- **AIM OF THE TASK**: In the material below, find the line with "coco chanel pillows decorative throw pillows" and the line with "玄関の足元を撮影する構図では", then output both and every line between them exactly, omitting pictures.

- **RAW DATA**:
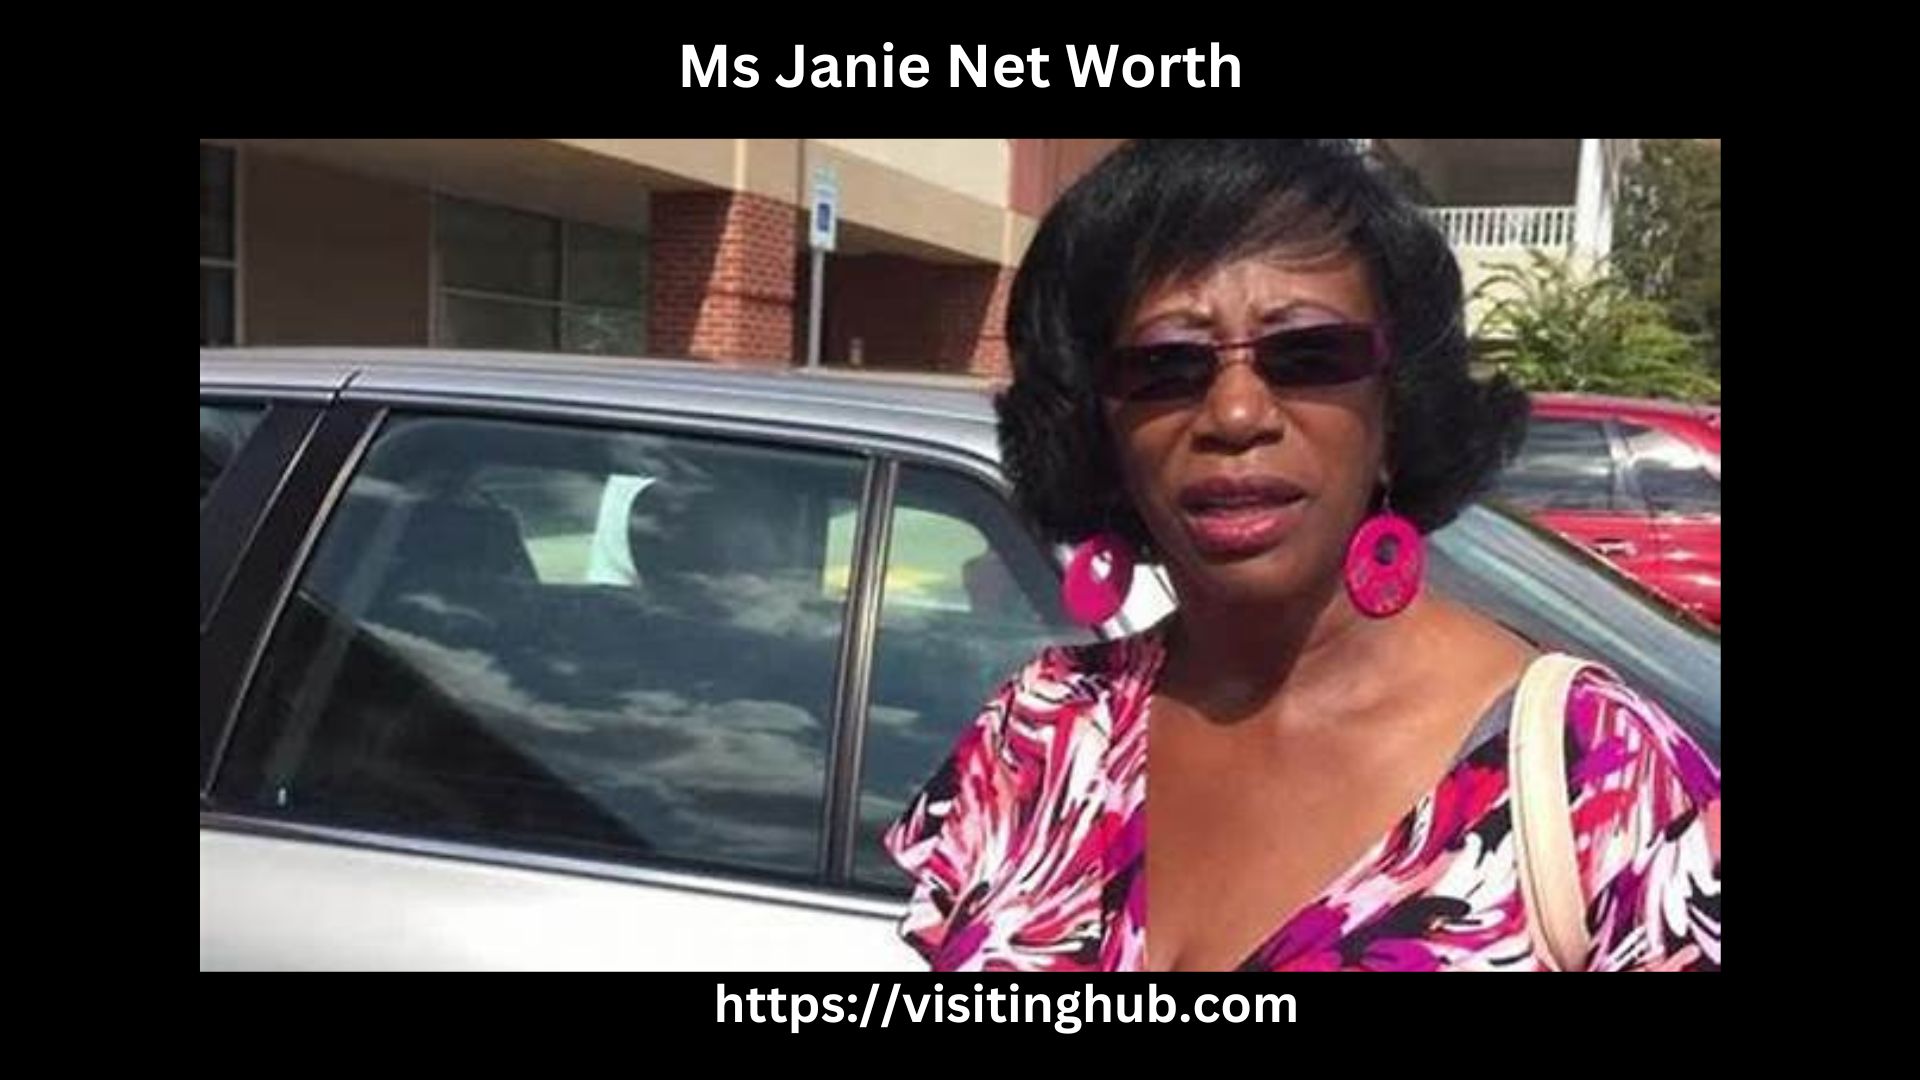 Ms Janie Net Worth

--

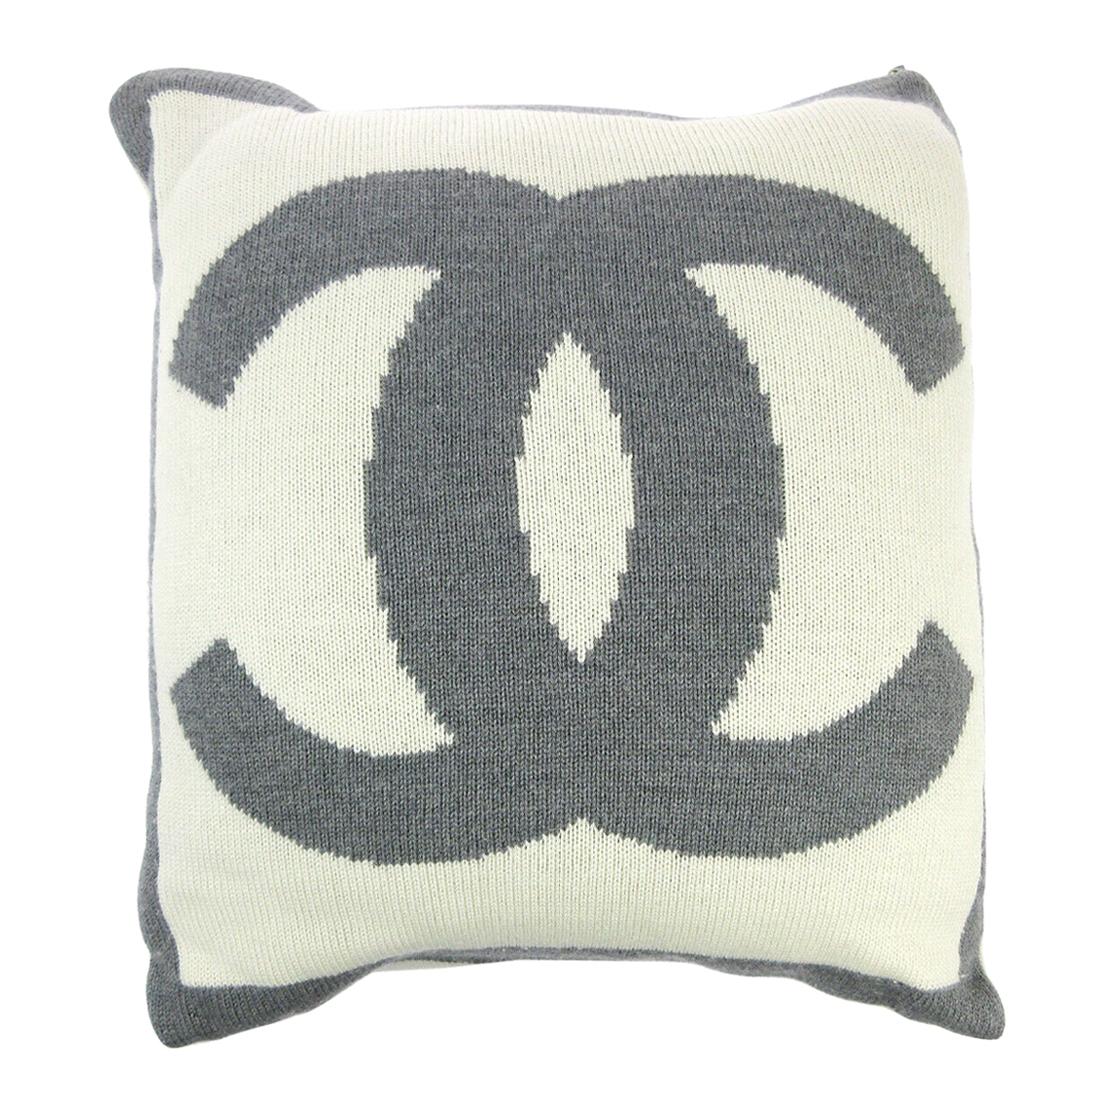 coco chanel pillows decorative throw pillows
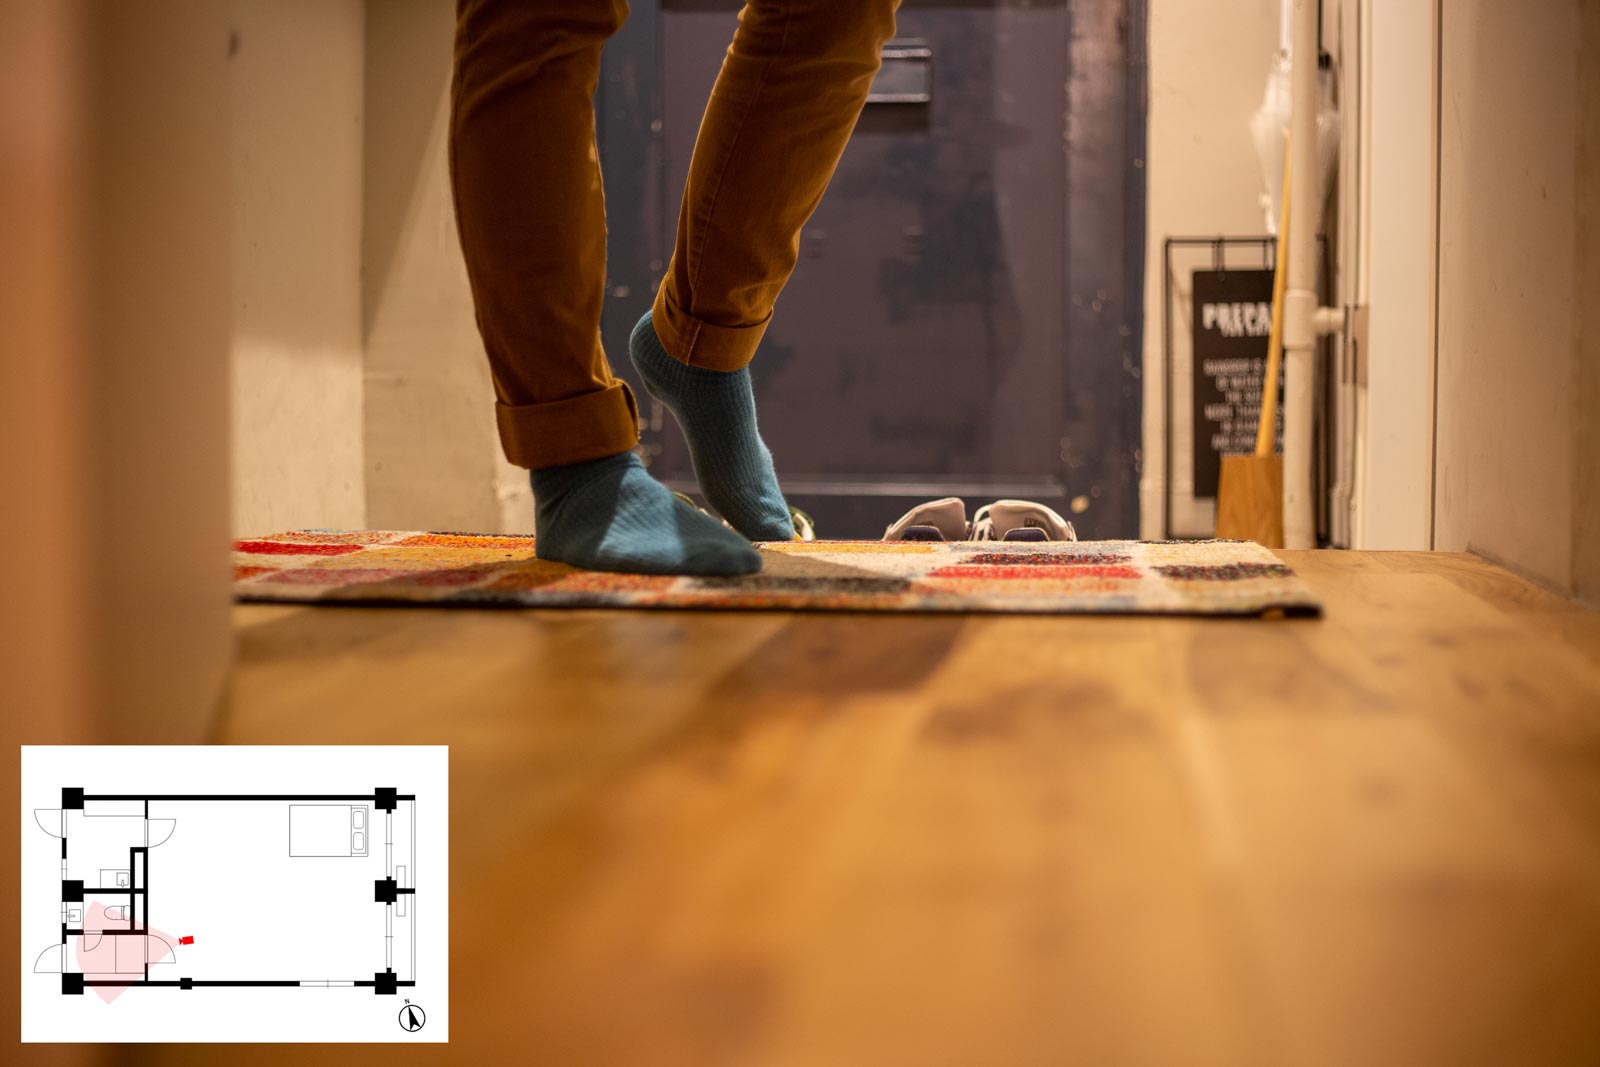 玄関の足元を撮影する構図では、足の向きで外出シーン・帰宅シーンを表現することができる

- **SOLUTION TO THE EXERCISE**:
 coco chanel pillows decorative throw pillows
 玄関の足元を撮影する構図では、足の向きで外出シーン・帰宅シーンを表現することができる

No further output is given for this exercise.